That evening Dublin rang with the newsboys’ cry of “Attack on the Lord Lieutenant—Sensational fight at Ashtown—One of the Attackers shot dead!” And then I got a shock that almost drove me mad. Lord French had escaped unhurt!

It was true. We had failed. For the first time the Viceroy had travelled not in the second car but in the first. The car which we had scarcely bothered about and which we had only wanted to frighten off actually bore safely away the man we wanted. The news made my wound worse. I never liked half done jobs, and here we had not even half done our work. Sean Treacy took the disappointment philosophically. His motto was always to make the best of things. His consolation to me was, “You can’t always have Knocklongs, Dan.”

We never got another chance of shooting Lord French. He retired completely from public life. He scarcely ever appeared in public afterwards. Even when he went to England armoured cars patrolled the roads to the mail boat, and armed detectives surrounded him, even to London. His movements were kept a close secret and disclosed to the Press many days later.

Had we been in a position to use rifles that day we could easily have made sure of shooting him from Kelly’s house, but at that time our only means of travelling to the spot was by bicycle, for practically no motor cars were in use. This was due to the fact that a few months previously the British had made an order that every motor-driver should have a special permit from the military, bearing not only his name but his description and a photograph, like a passport. The order was to prevent the I.R.A. from using motor cars for getting about, especially for night attacks. Naturally, the only men likely to get permits from the British would be those who could prove their “loyalty” and were therefore not likely to assist us or to run the risk of giving us a car. The Motor Drivers’ Union resenting this degrading condition met the order by refusing to apply for permits and by declaring a general strike all over the country. Hence as we could not get motors to travel to Ashtown we had no means of concealing rifles as we naturally could not strap them on bicycles. However, I must say I am glad now that Lord French escaped. He was only doing his duty by his adopted country, the Nation or the Empire which had given him wealth, title and honours.

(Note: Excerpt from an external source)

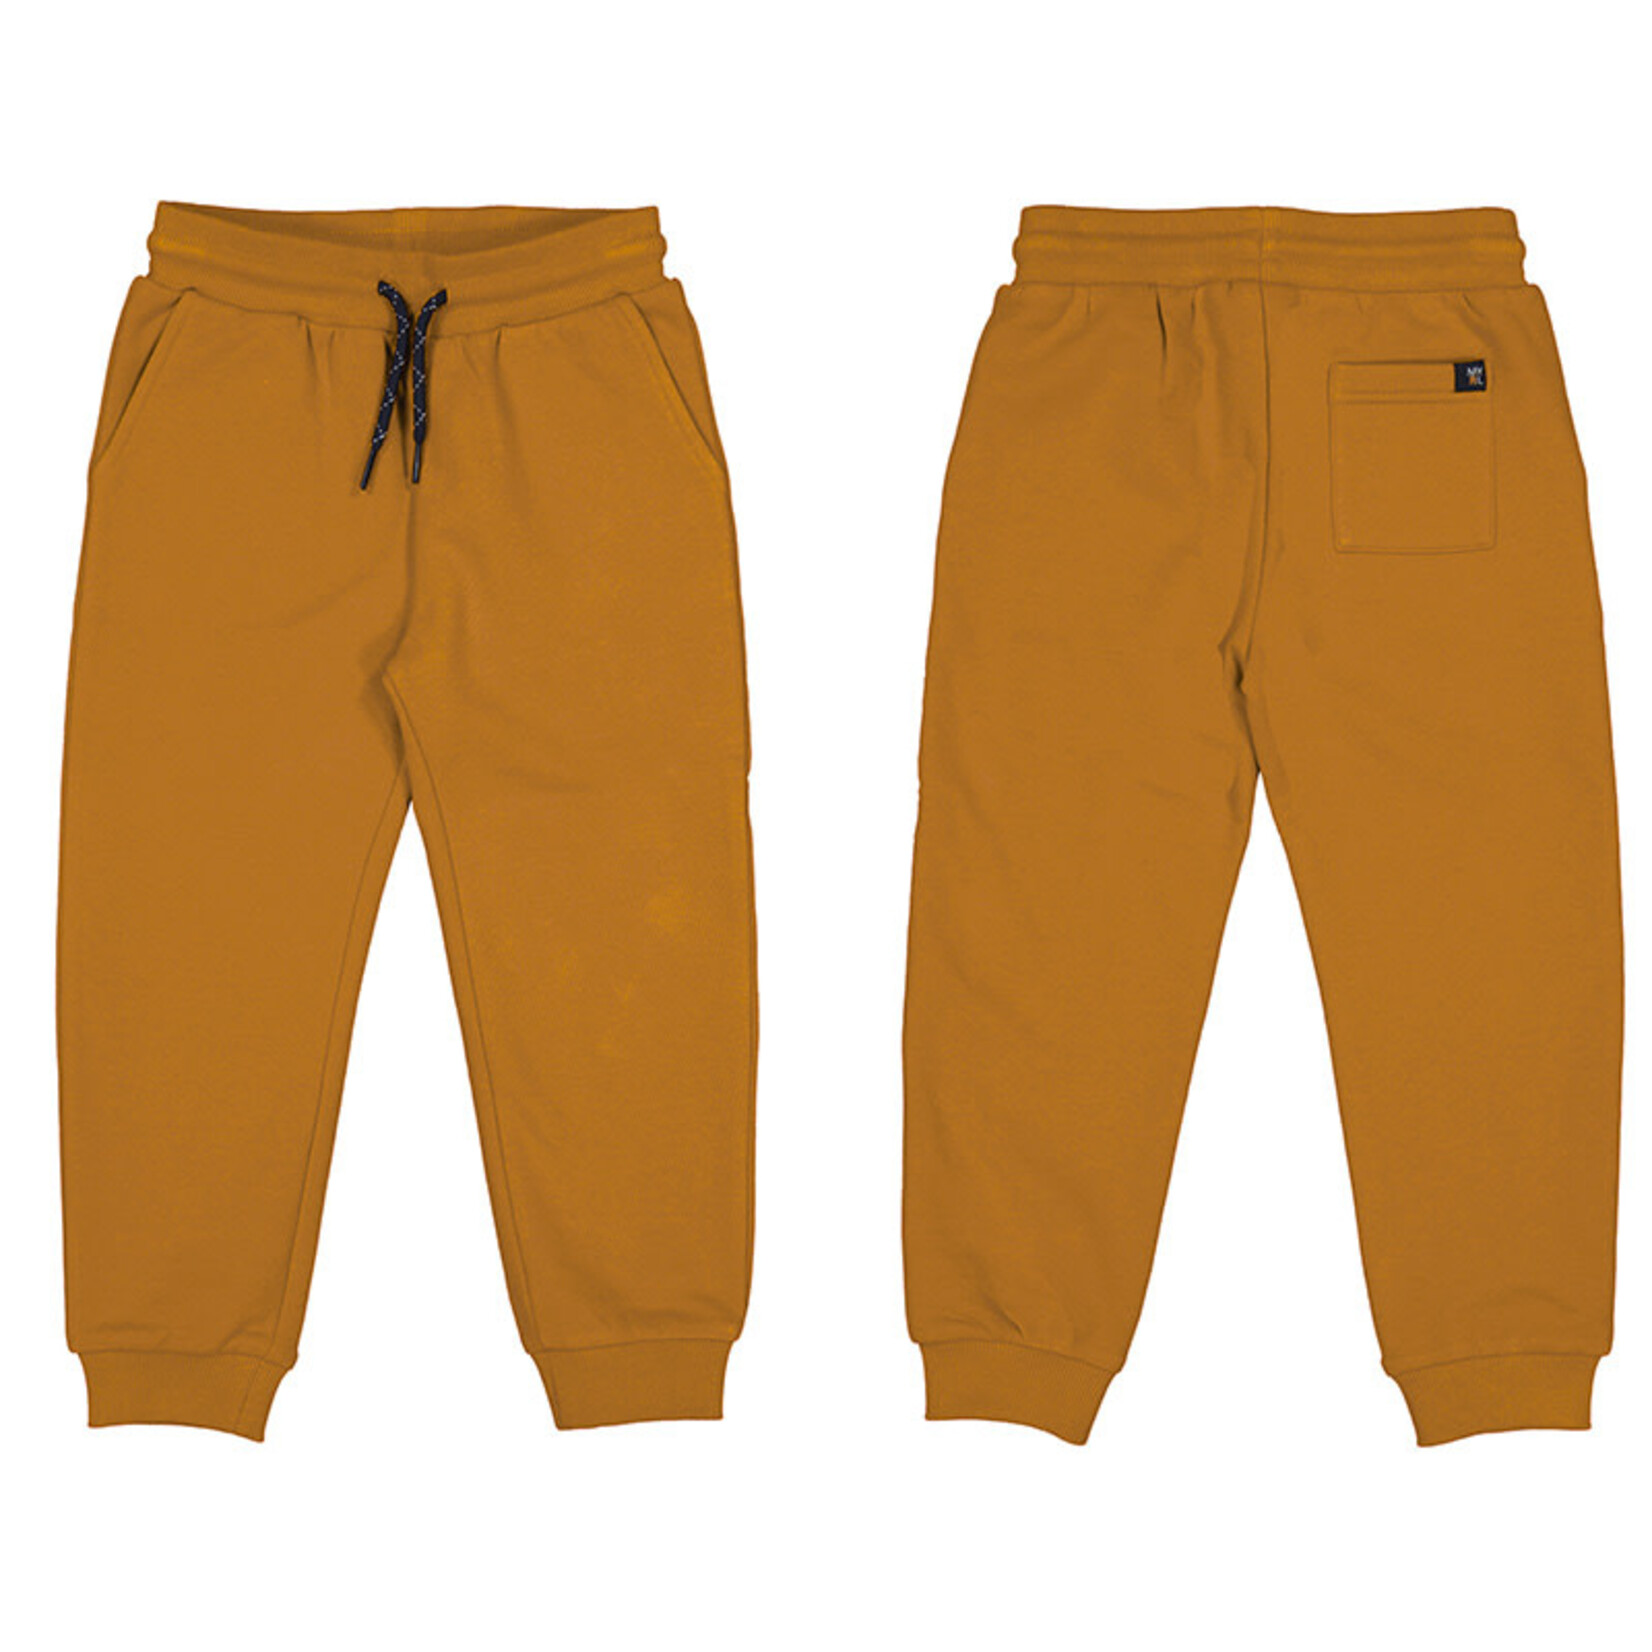 Mayoral MAYORAL - Burnt orange jogger pants with adjustable cord

Let me pause to recount some sequels to the Ashtown attack. Church and Press denounced us in unmeasured terms, but the public were more guarded in their condemnation; slowly the country was beginning to realise that we meant war with England until, to quote the words of O’Donovan Rossa, “she was stricken to her knees or we were stricken to our graves.” For the most part then, while the press and the clergy uttered bitter denunciations the public remained silent. It was the turning point. They were judging the situation. In private discussions many defended our standpoint. In public there was, of course, no means of doing so. The great majority of our countrymen were taking their bearings; they were perhaps shocked at the daring force tactics, but they were beginning to realise that we meant business, and that it was their duty to stand by us.

The morning following the attack the Irish Independent published a leading article in which we were all referred to as “assassins.” The article was plentifully sprinkled with such terms as “criminal folly,” “outrage,” “murder,” and so on, and this was the very paper which depended for its whole income on the support of the people who had voted for the establishment of an Irish Republic. It had not even the sense of fair play, not to speak of decency, to wait until the inquest had been held and until Martin Savage had been laid to rest, to express its views. The other Dublin papers we did not mind. The Irish Times was openly and avowedly a British organ, and the Freeman’s Journal was beneath the contempt of any decent Irishman. But we could not allow a paper that pretended to be Irish and independent to stab our dead comrade in the back.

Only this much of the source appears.